Abrazar el instante

-Hasta se te ve diferente.

Eso, recuerdo, me dijo mi amigo Fernando una cálida noche de octubre (en plena primavera porteña) mientras charlábamos tomando un helado cerca de mi casa.

Un mes y medio antes, el martes 27 de agosto, yo había comprado un pasaje de avión con destino a Madrid. Lo recuerdo como si fuera ayer, aunque ya pasaron más de tres años.

¿Cuándo empieza un viaje?

¿Cuándo empieza algo?

La pregunta por el momento cero, el puro inicio, acaso el instante, es una pregunta difícil. Y apasionante. Una pregunta de sentido.

Mi viaje -mi peregrinación- empezó, en alguna medida, aquella gélida mañana de agosto en la que compré un pasaje desde una oficina del centro de la ciudad (es que agosto es invierno en mi tierra). Pero también empezó antes, por ejemplo, el día en que escuché por primera vez a mi amigo Juan, allá por abril de 2015, hablar de una experiencia que recorre Europa. O, también antes, mucho antes, el día en que empecé a leer a una filósofa carmelita de origen alemán cuyas obras completas editaba en español un burgalés abulense por adopción.

¿Cuándo empieza un viaje?

“El instante de la decisión es una locura”, escribió Kierkegaard. Para añadir apenas luego: “y eso es lo que hace necesario comenzar por el instante”.

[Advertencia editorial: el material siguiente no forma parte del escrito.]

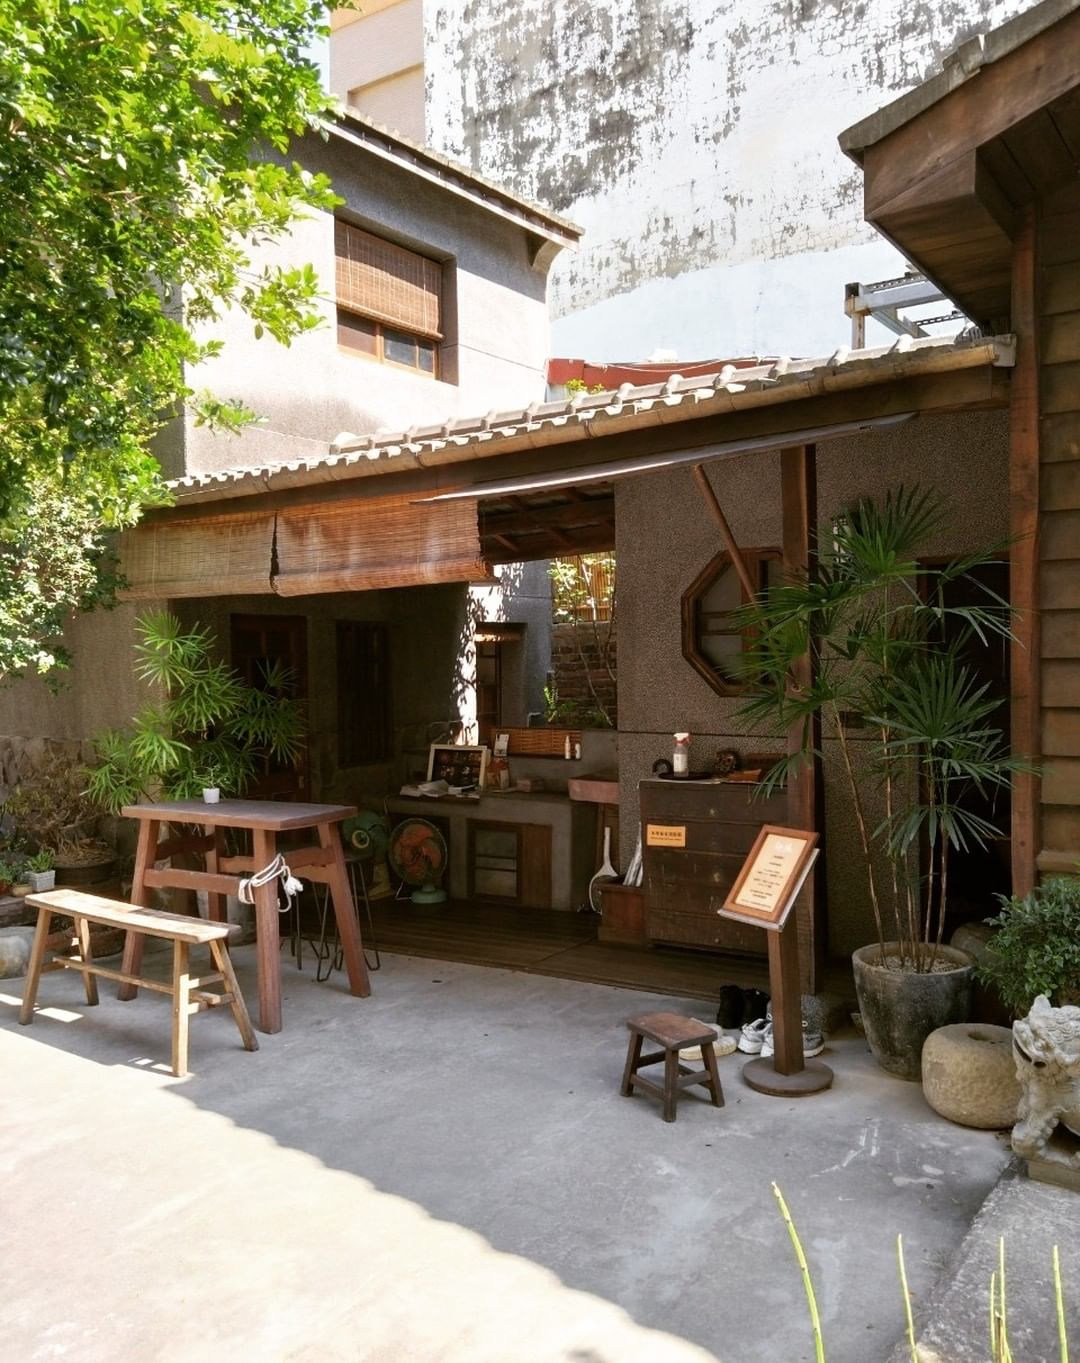 【台南カフェ散策#8】和風の庭園カフェ「錫鼓Tin Drum」は心地良い畳席とレトロな装飾があります。静かな空間でコーヒーやお茶を...

Yo no sé a ciencia cierta cuándo empezó mi viaje, ni siquiera cuándo empieza algo. Pero sí puedo decir, y esto es lo que hoy quería compartir con vosotros, algo que aprendí entre aquella gélida mañana de agosto y aquella cálida noche de octubre.

Lo que aprendí, si cabe, puede resumirse así: que hay que aprender a tomar decisiones; y que hay que aprender, también, a abrazar las decisiones tomadas.

Si mi amigo Fernando me veía distinto aquella noche no era porque su mirada hacia mí fuese otra, sino porque mi semblante ya sonreía. Porque si al principio la idea de viajar a España solo, y sólo con pasaje de ida, me causaba vértigo e inseguridad, lo cierto es que al cabo de esas semanas entre la gélida mañana y la cálida noche algo se fue moviendo en mí. Y mi cuerpo empezó a demostrarlo (¿ya os hablé de los músculos de la cara?). Empecé a querer -querer de cariño- la hermosa locura de dar vuelta la página de mi historia para seguir escribiéndola en un país en el que nunca había estado, a unos 10.000 kilómetros del mío. Empecé a abrazar la decisión tomada, esa que no tomé solo cuando saqué el pasaje (¿qué Dios detrás de Dios la trama empieza…?, nos preguntamos con Borges en su maravilloso poema dedicado al ajedrez), sino también -y especialmente- cuando empecé a abrirme a la posibilidad de lo inesperado. Al inocente latir de un anhelo que, brotando del fondo de mí, quiso llevarme a salir de mí mismo. O, para decirlo por fin, que me llevó a hacer -y querer seguir haciendo- el Camino.

Sed todos muy bienvenidos, queridos peregrinos. Buen Camino.